The Lonely Libertarian has some advice for ladies and lovers. (Snerk!)
SFGate published an article back in 2006 showing how the use of dynamite after the San Francisco earthquake of 1906 actually made matters worse rather than better. It came to my attention via an e-mail today, and I found it very interesting.
The Case of the Amazing Gay-Marriage Data: How a Graduate Student Reluctantly Uncovered a Huge Scientific Fraud.
Ever wondered about the 'missing numbers' in the USAF's so-called 'Century Series' fighters? Chant du Départ has the details.

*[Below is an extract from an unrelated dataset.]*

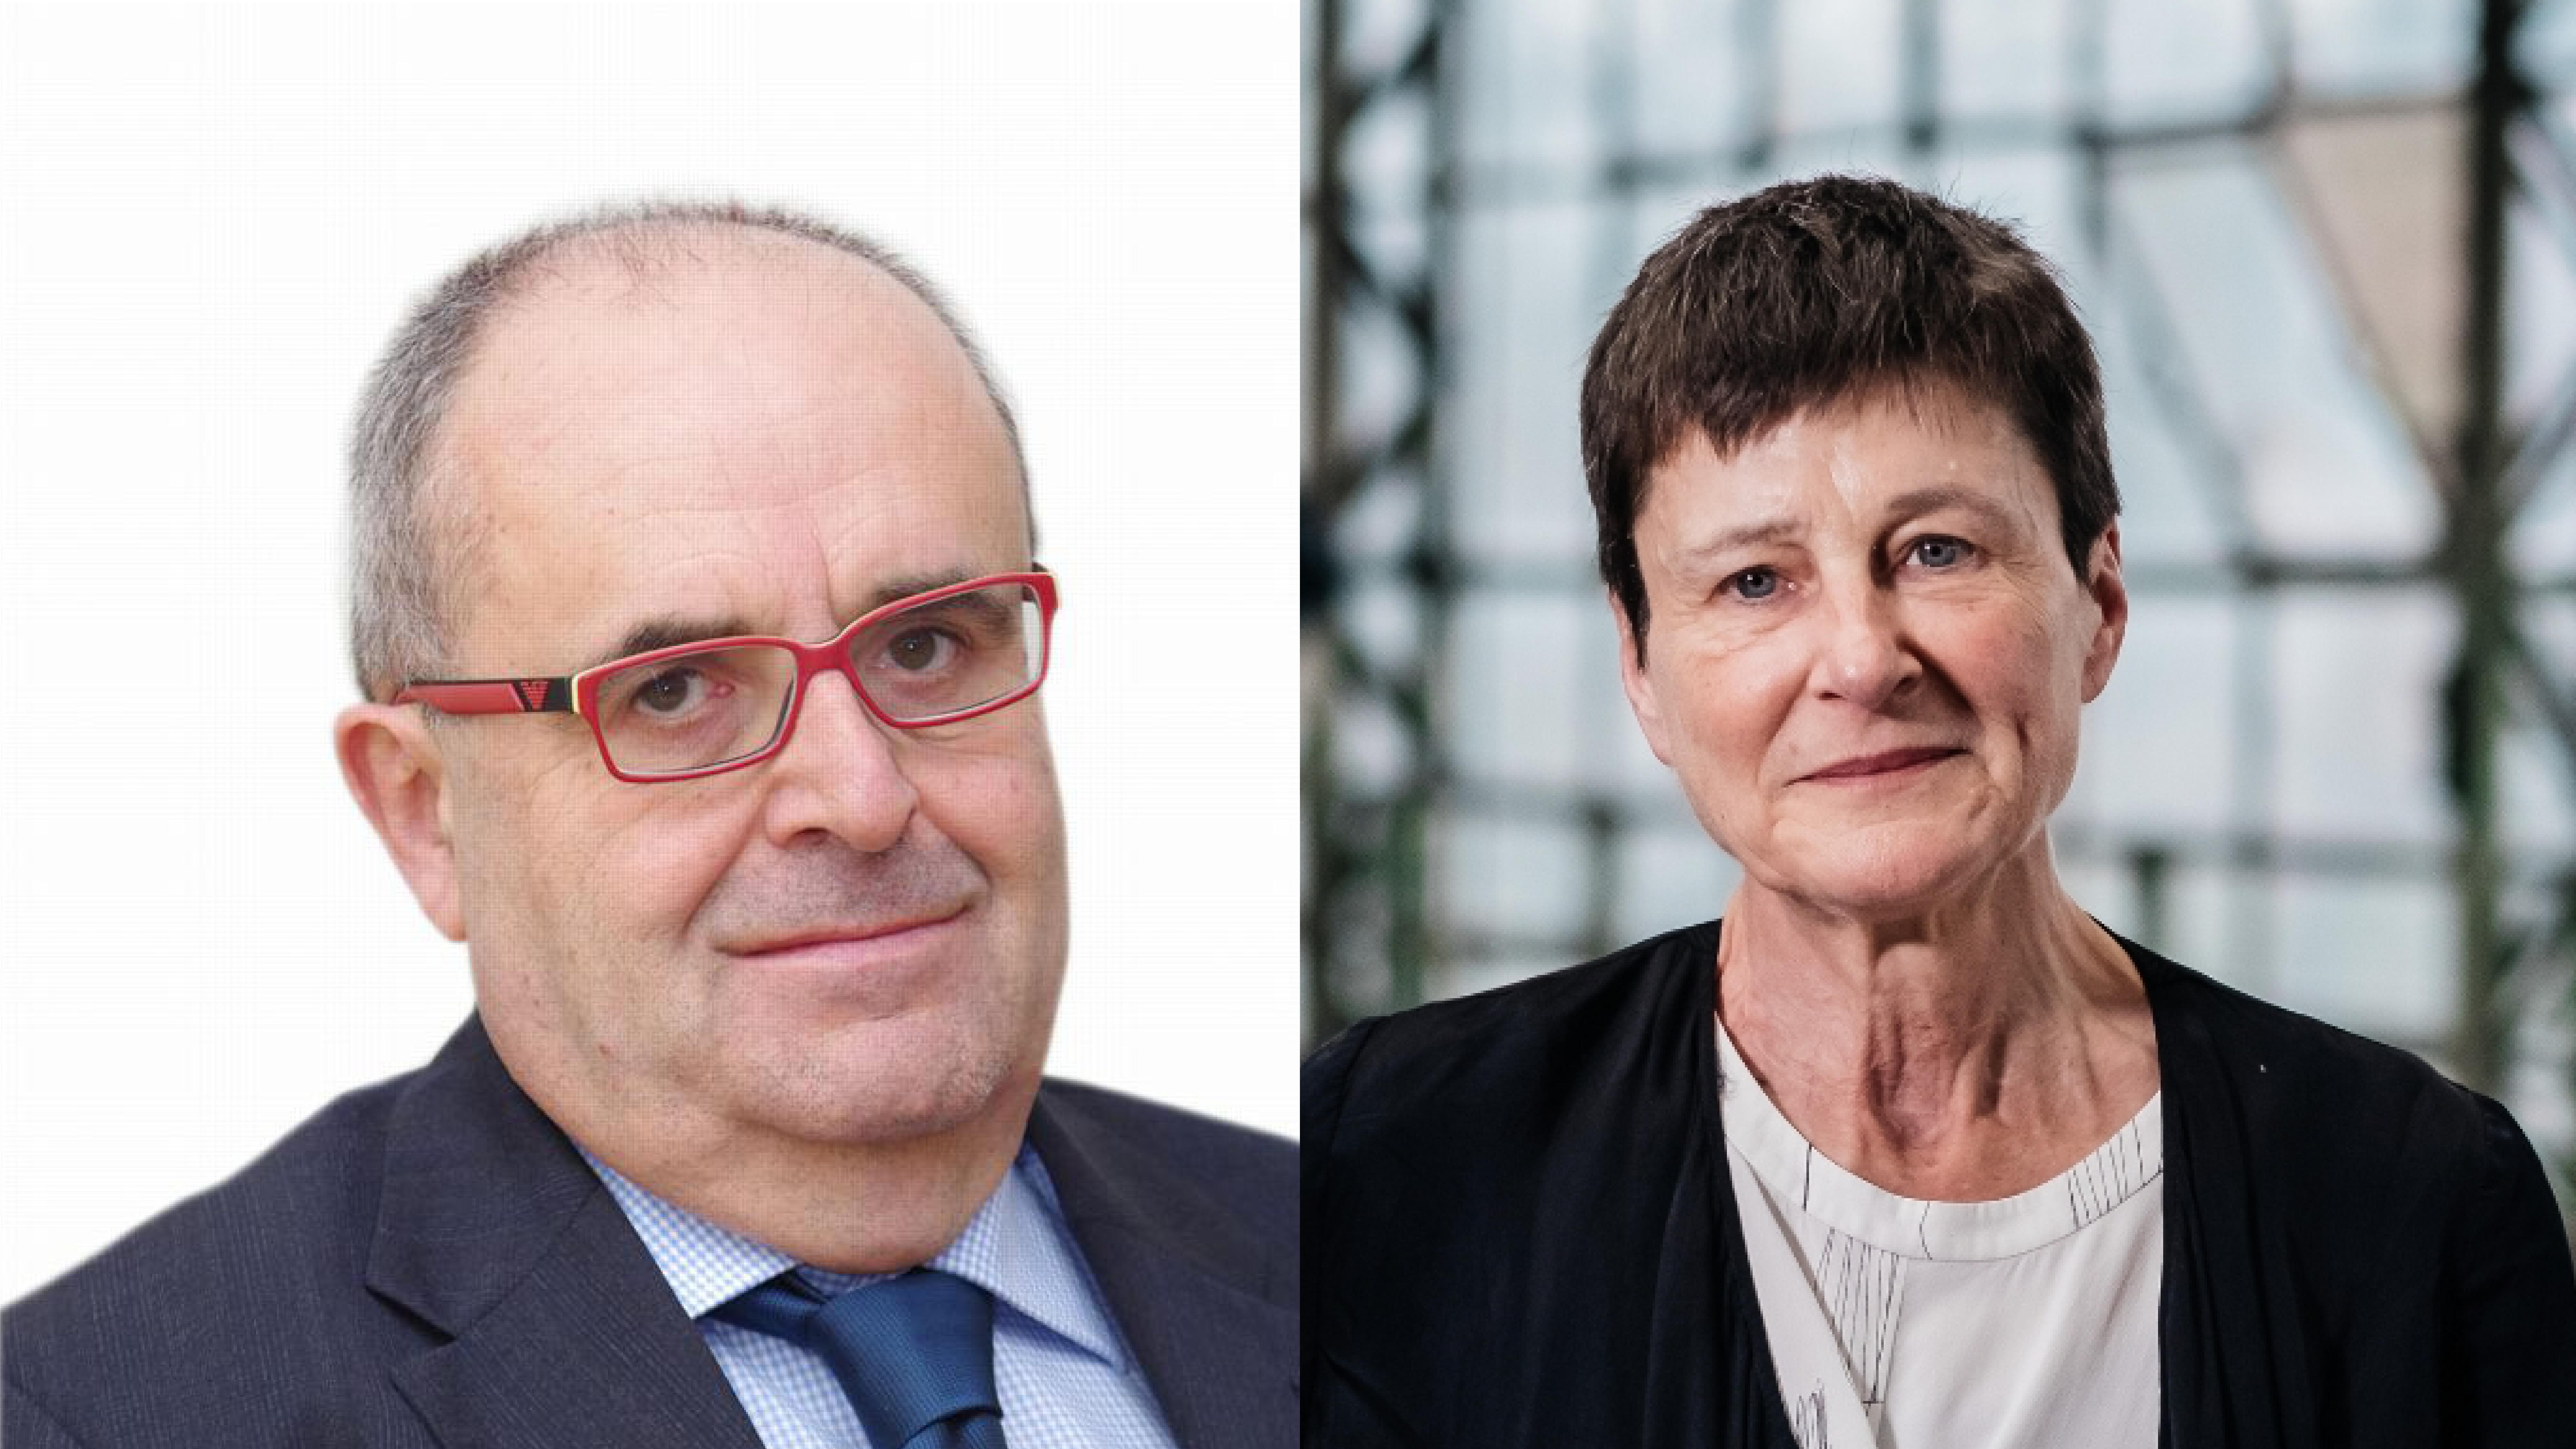 Regering duidt onafhankelijke experten Ronnie Belmans en Catherine Verfaillie aan als bestuursleden van nucleaire instellingen SCK en IRE

Very interesting for aviation and military history buffs.
The Local's Swedish edition lists 42 ways expatriates know they're becoming Swedes, including:
5. your coffee consumption exceeds 6 cups a day and coffee is too weak if there is less than 10 scoops per pot.
7. the first thing you do upon entering a bank/post office/drugstore etc. is to look for the queue number machine.
8. you accept that you have to queue to take a queue number.
11. you know how to fix herring in 105 different ways.
Why do people waste so much time at the office? The BBC opines.
Peter
I thought someone discovered, circa 1990 that all the fires after the earthquake were actually insurance fraud, as the policies covered fire damage but not earthquake damage. This was purportedly proved by the discovery of photos taken immediately after the fire that were retouched to conceal the earthquake damage and make it seem like the fire took out everything.